Personal information
- Nationality: United States
- Born: May 21, 1985 (age 41) Bowling Green, Kentucky, U.S.
- Height: 6 ft 0 in (183 cm)

Sport
- Sport: Swimming
- Strokes: Breaststroke
- Club: Lakeside Swim Team
- College team: University of Texas

Medal record
Women's swimming
Representing the United States
Pan American Games
| Bronze medal – third place | 2007 Rio | 100 m breaststroke |

= Elizabeth Tinnon =

American breaststroke swimmer (born 1985)

Elizabeth Tinnon (born May 21, 1985) is an American breaststroke swimmer. She is a bronze medalist from the Pan American Games.

==Personal==

Tinnon was born in Bowling Green, Kentucky in 1985, the daughter of Mack and Susan Tinnon. Tinnon is a 2003 graduate of Bowling Green High School. Tinnon attended the University of Texas and graduated in 2007, majoring in corporate communication.

==Swimming career==

As a nineteen-year-old, Tinnon competed at the 2004 U.S. Olympic Team Trials, finishing twelfth in the 100-meter breaststroke and fourteenth in the 200-meter breaststroke.

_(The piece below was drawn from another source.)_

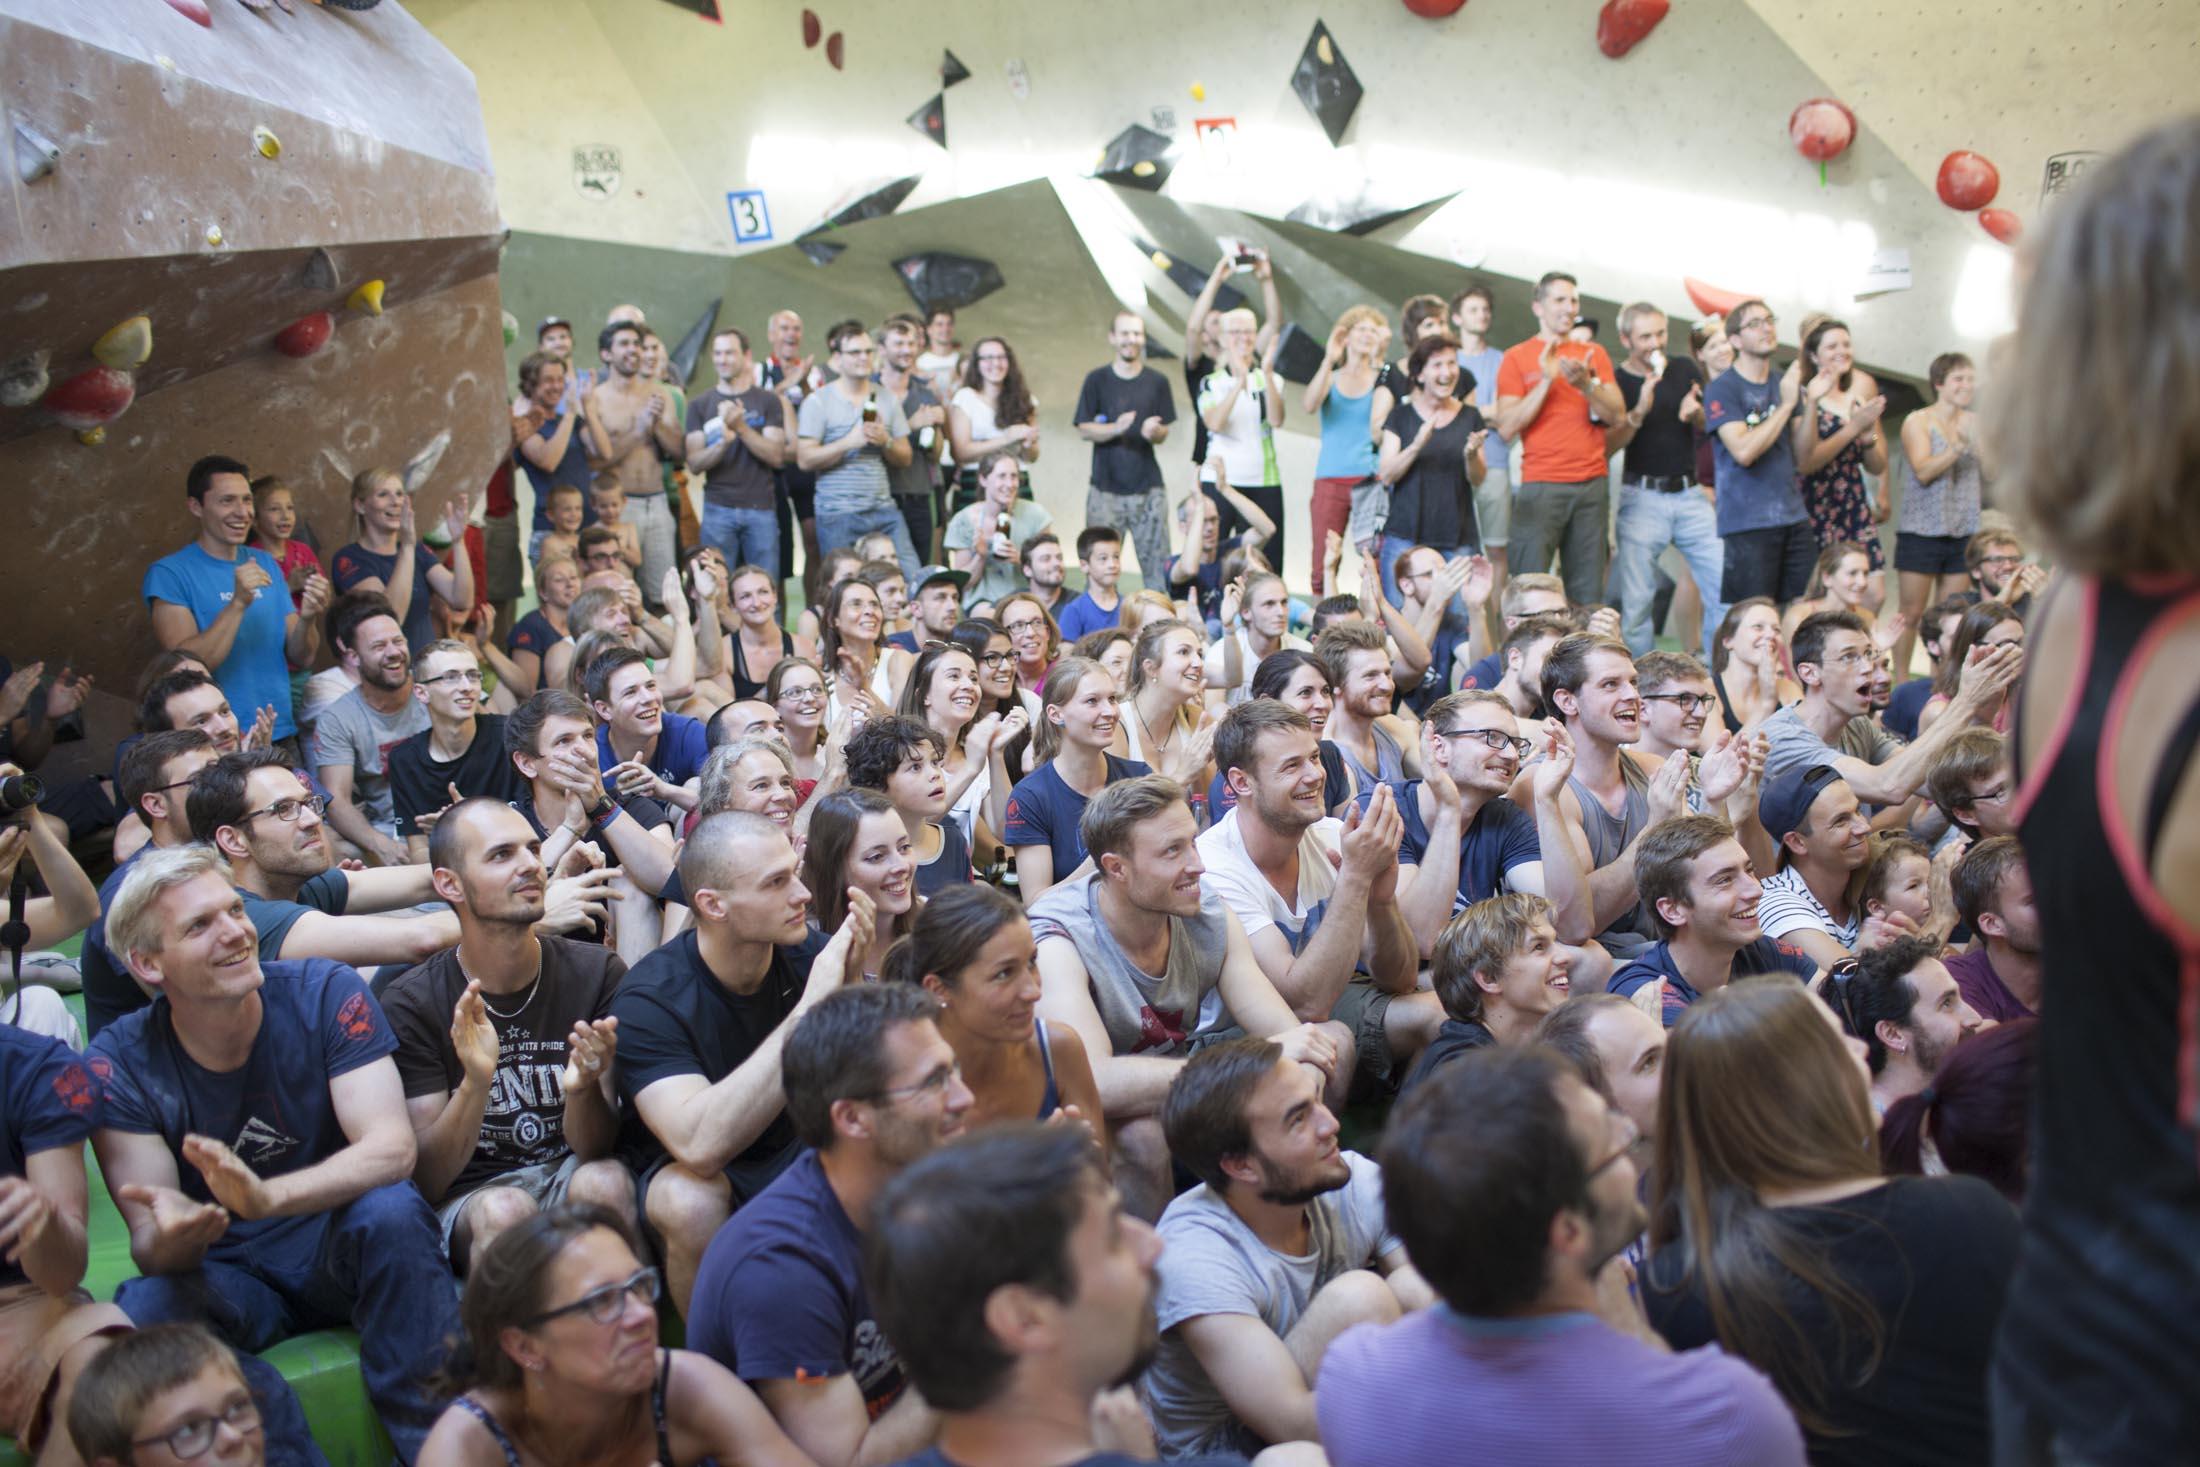 Finale, internationaler bouldercup Frankenjura 2016, BLOCKHELDEN Erlangen, Mammut, Bergfreunde.de, Boulderwettkampf07092016541

At the 2007 Pan American Games in Rio de Janeiro, she won a bronze medal in the 100-meter breaststroke. At the 2008 U.S. Olympic Team Trials, Tinnon finished eight in the 100-meter breaststroke and sixteenth in the 200-meter breaststroke. At the 2009 National Championships, Tinnon placed fifth in the 200-meter breaststroke and eleventh in the 100-meter breaststroke.